◆ What to produce ◆
From the first line to the last, please reproduce the material exactly, skipping the pictures.

(Information supplied)

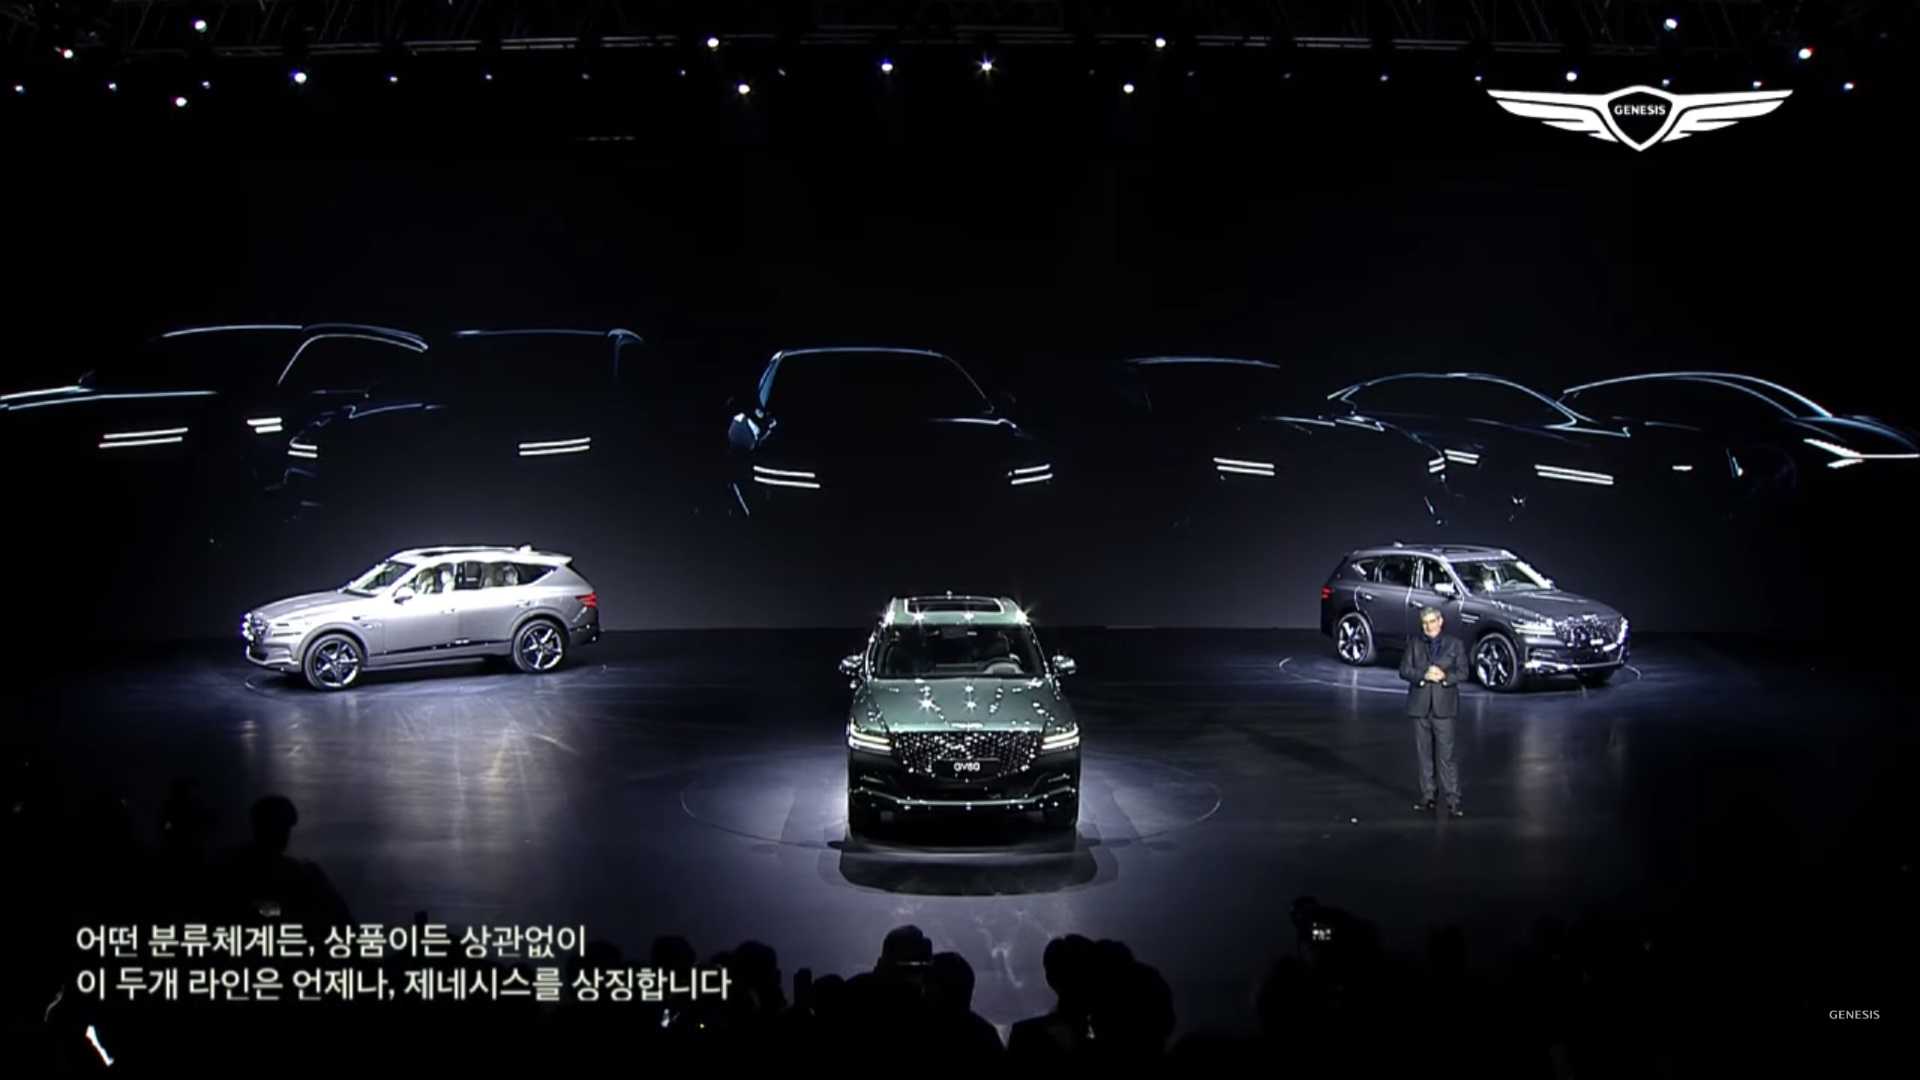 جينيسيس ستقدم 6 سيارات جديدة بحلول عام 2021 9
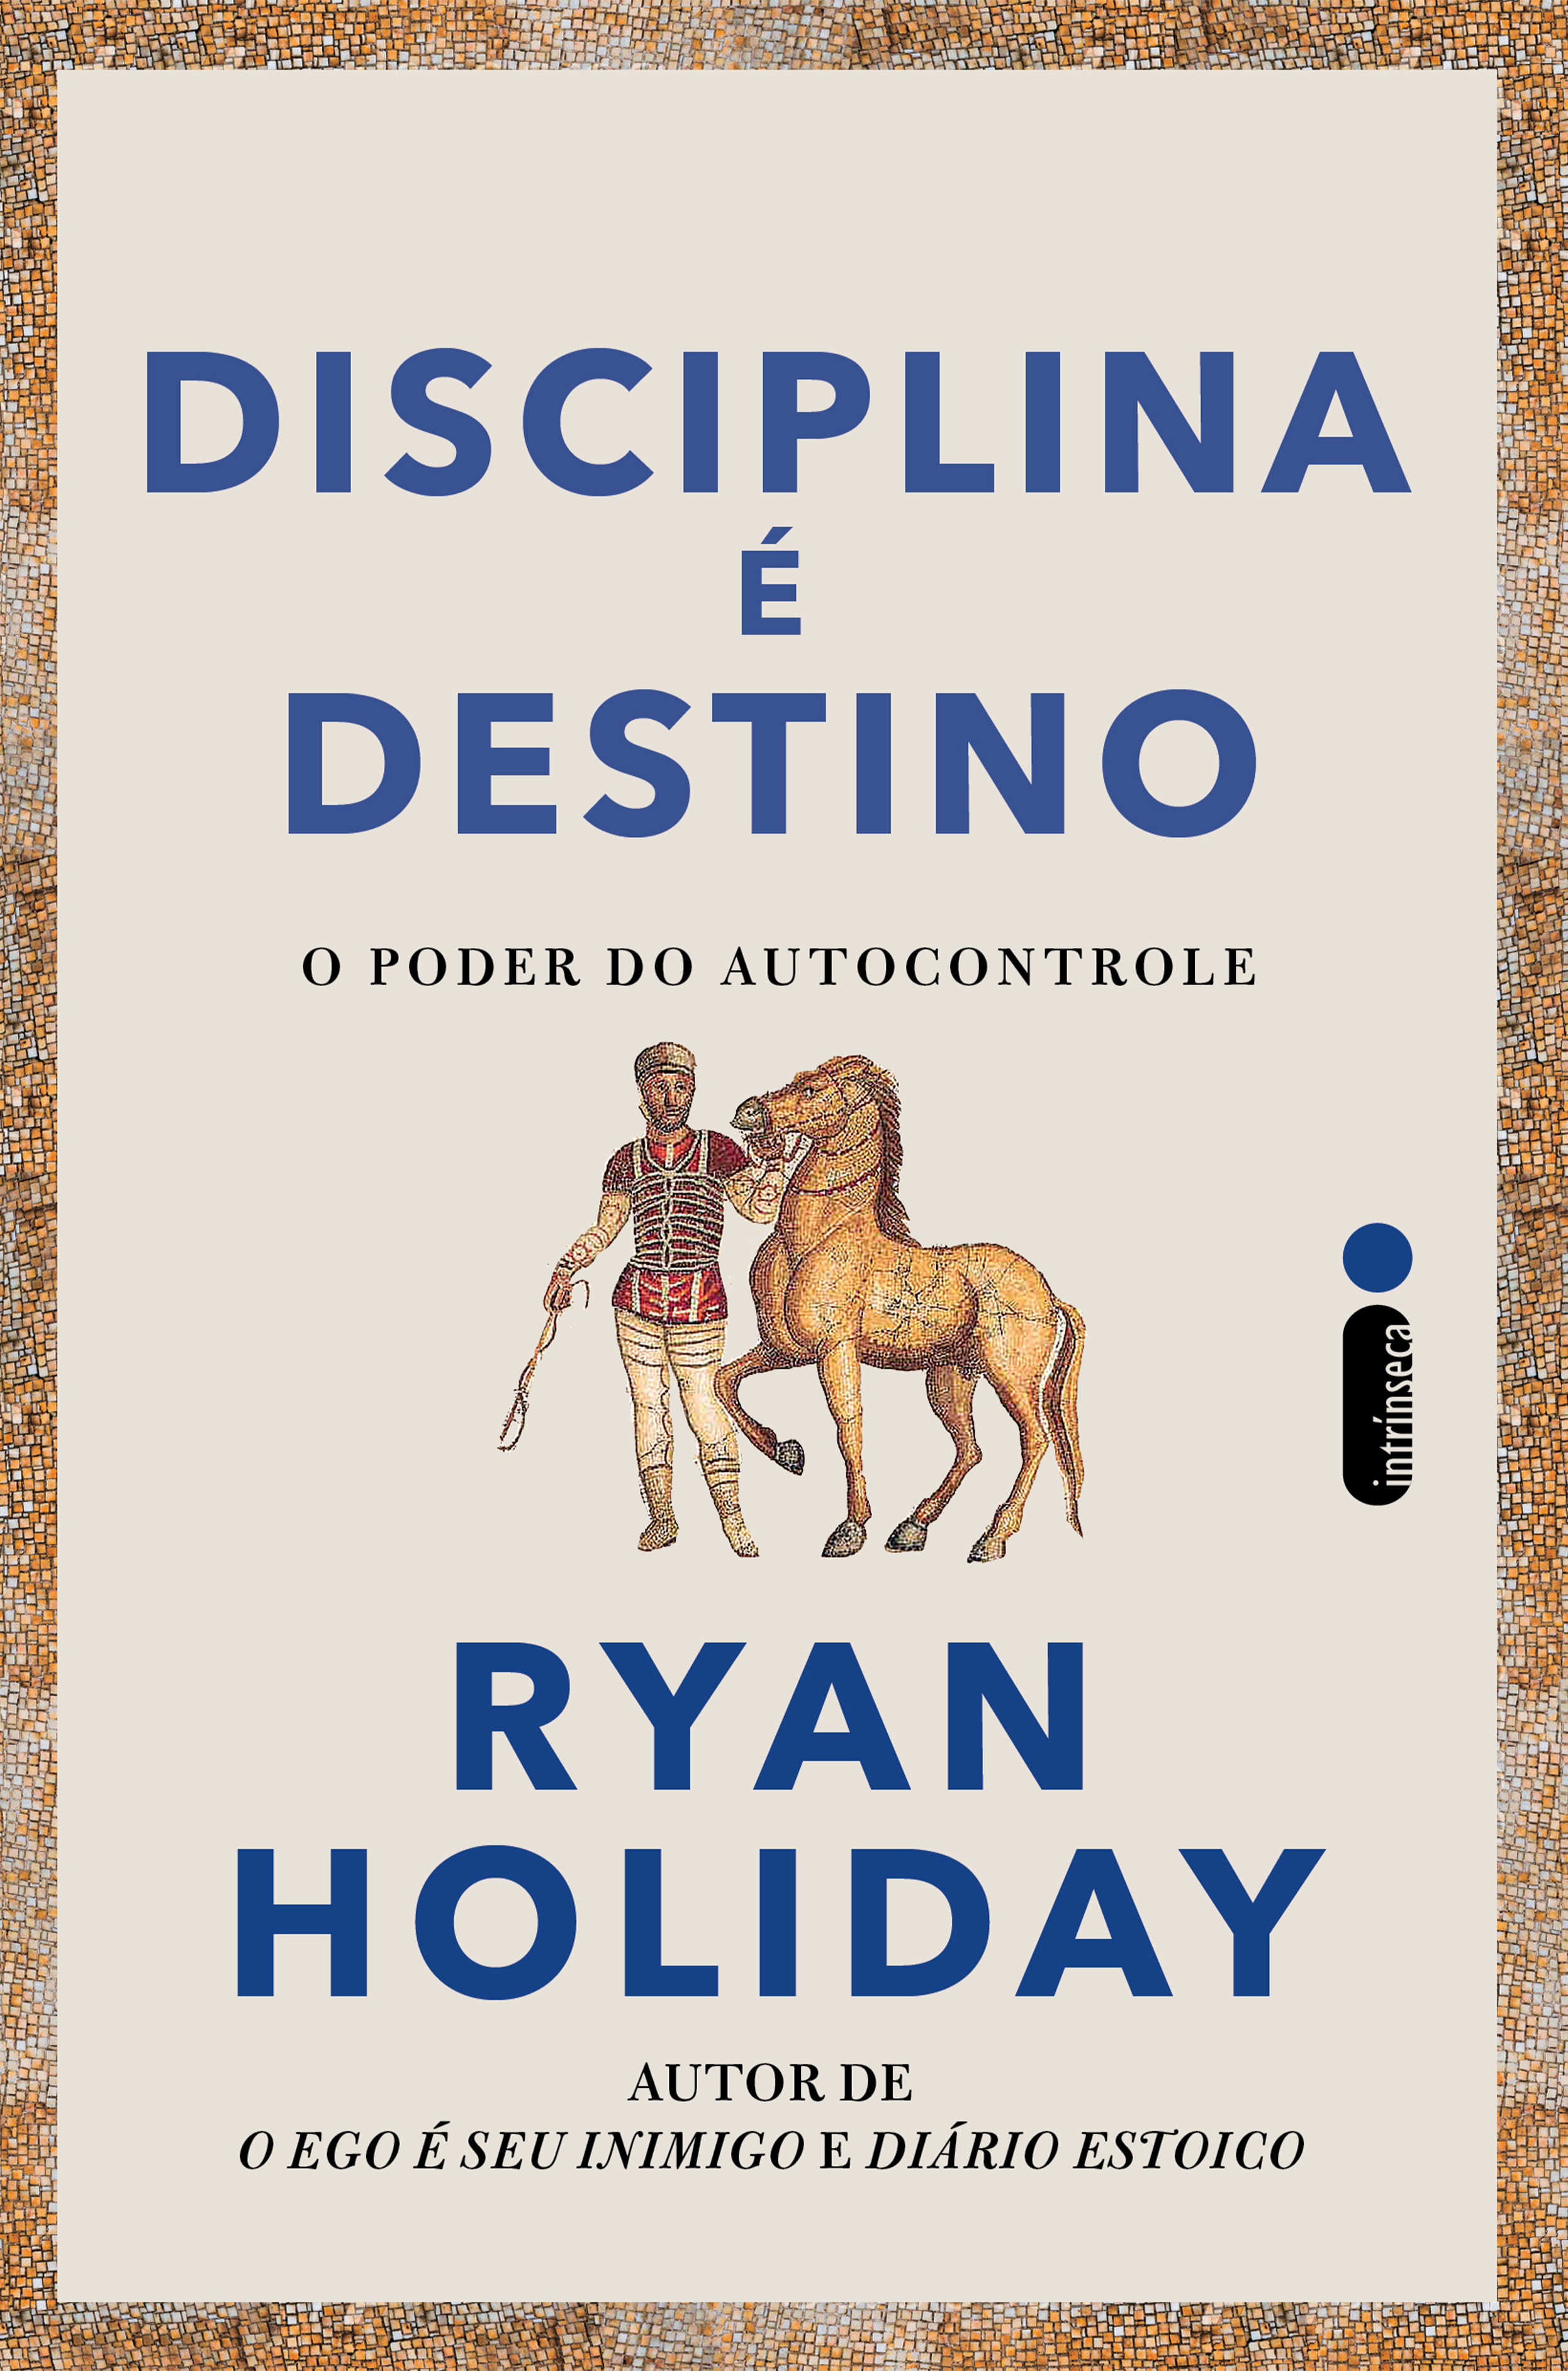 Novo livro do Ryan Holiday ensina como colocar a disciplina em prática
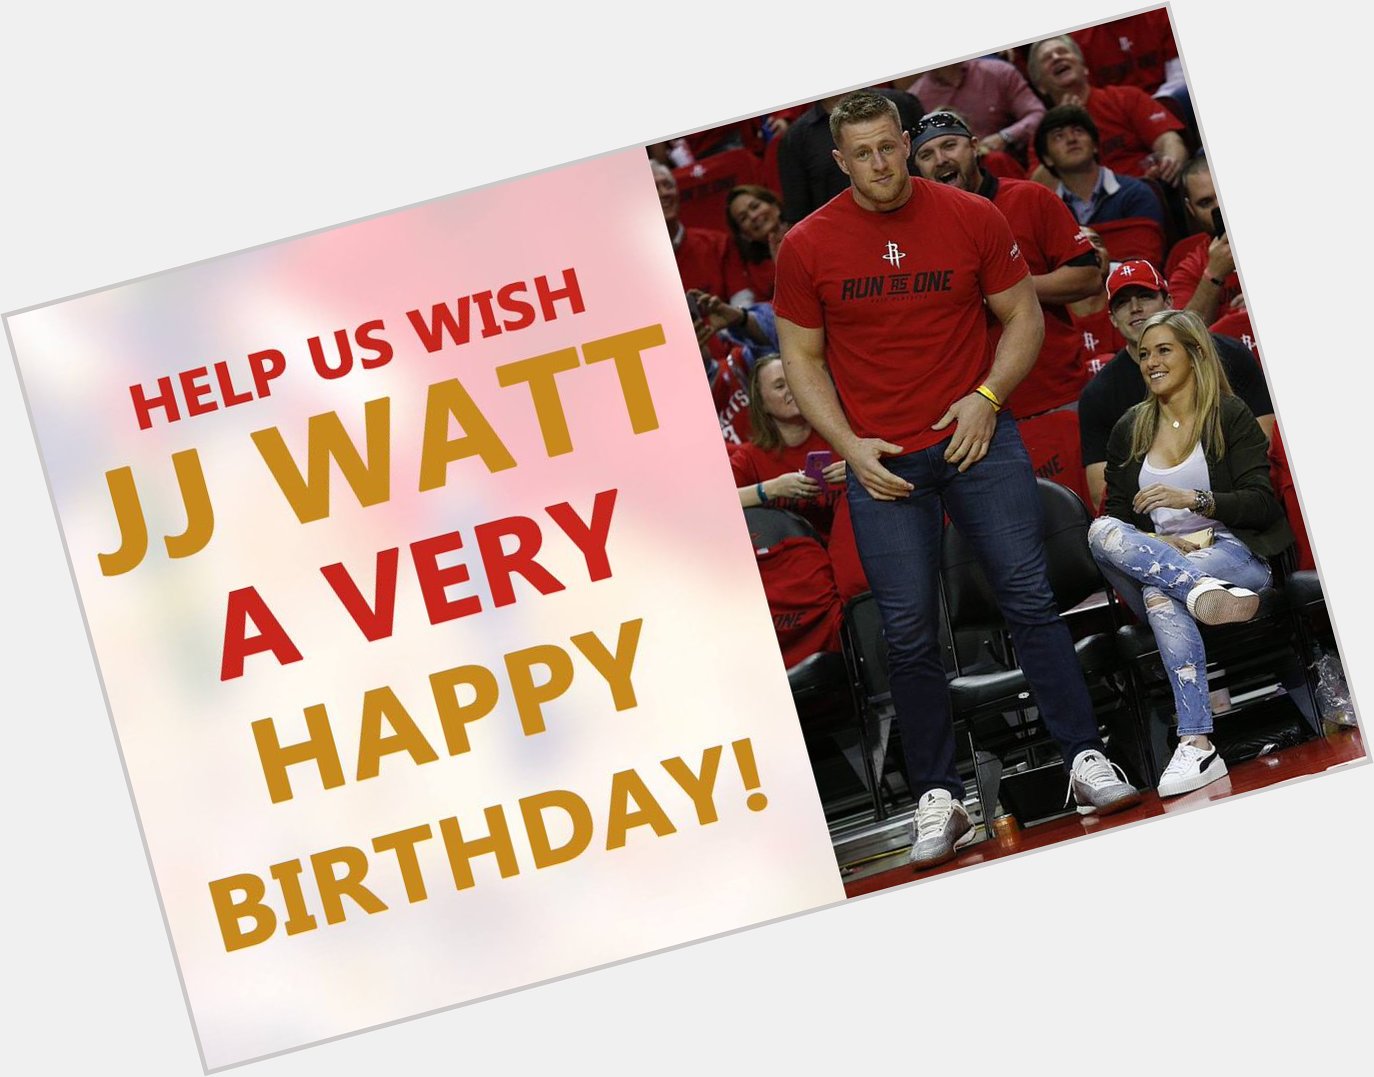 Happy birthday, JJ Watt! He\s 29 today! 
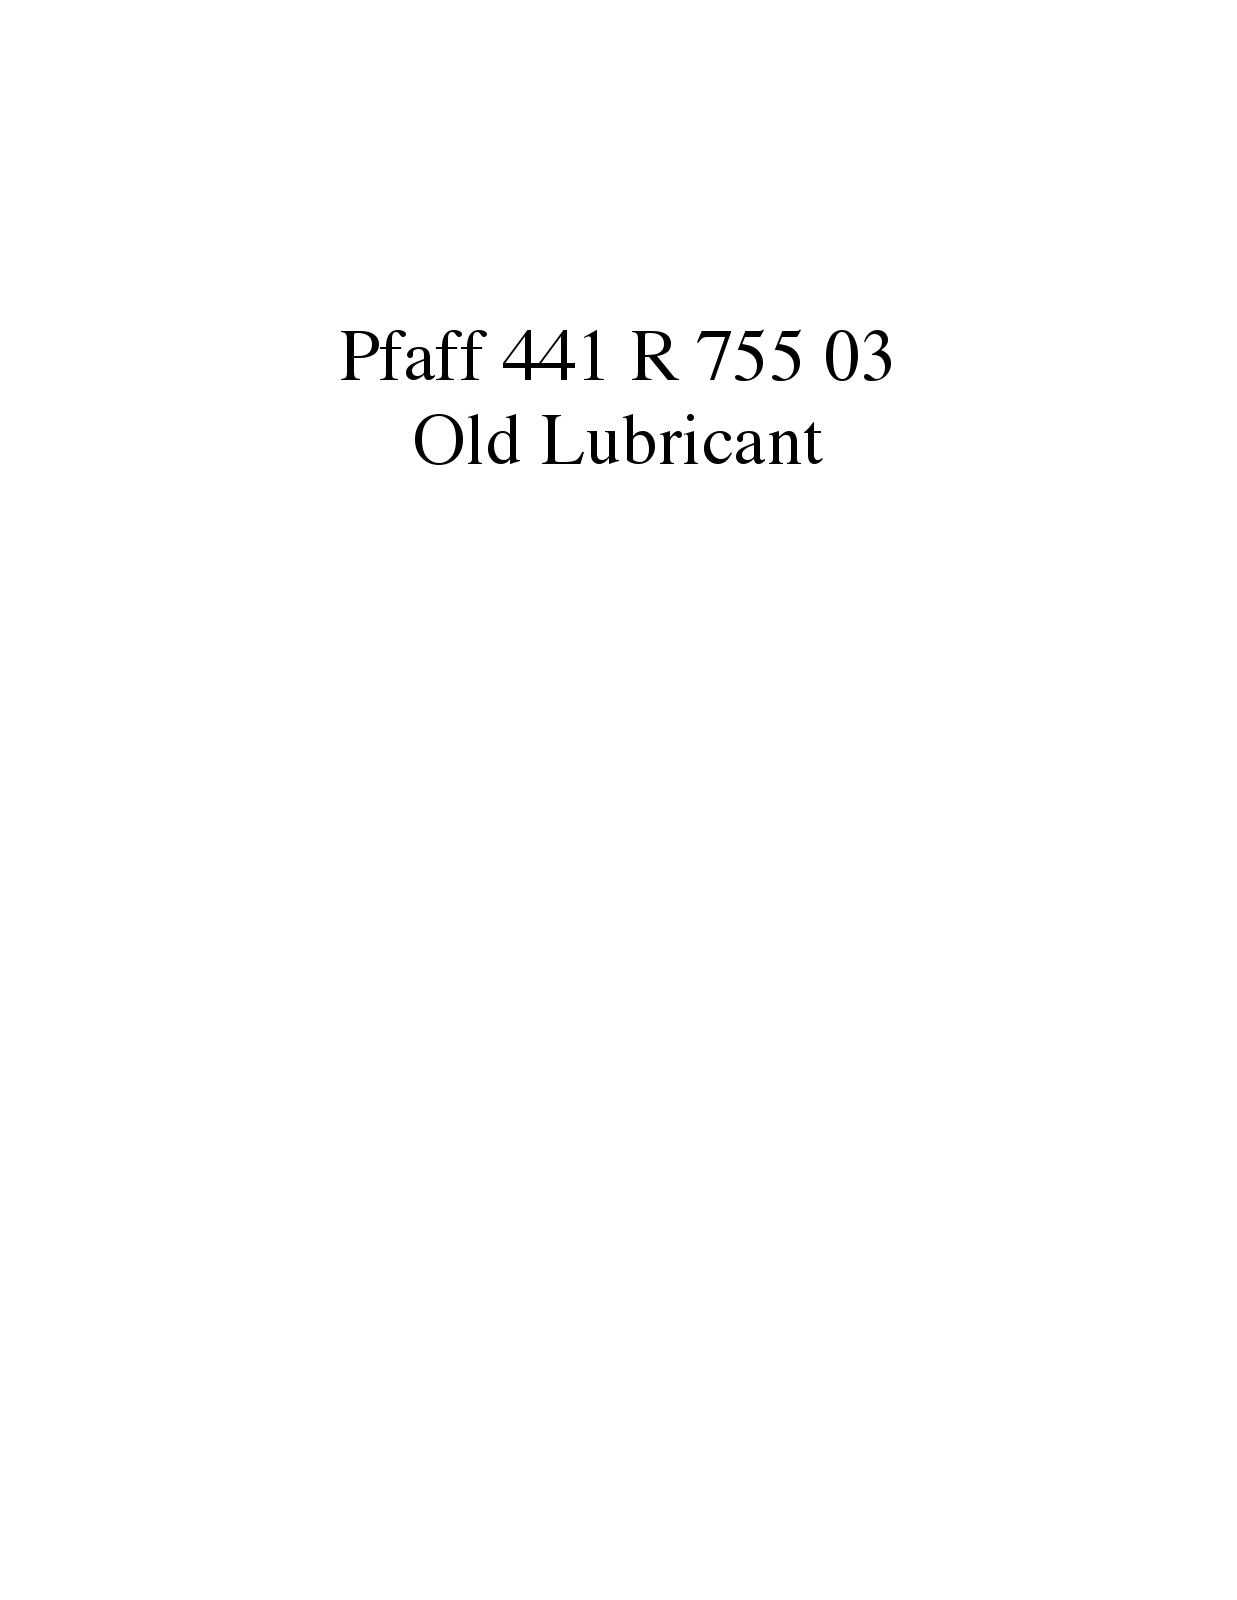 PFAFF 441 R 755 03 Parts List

(End Information supplied)

◆ Solution below ◆
 جينيسيس ستقدم 6 سيارات جديدة بحلول عام 2021 9
 Novo livro do Ryan Holiday ensina como colocar a disciplina em prática
 Happy birthday, JJ Watt! He\s 29 today! 
 PFAFF 441 R 755 03 Parts List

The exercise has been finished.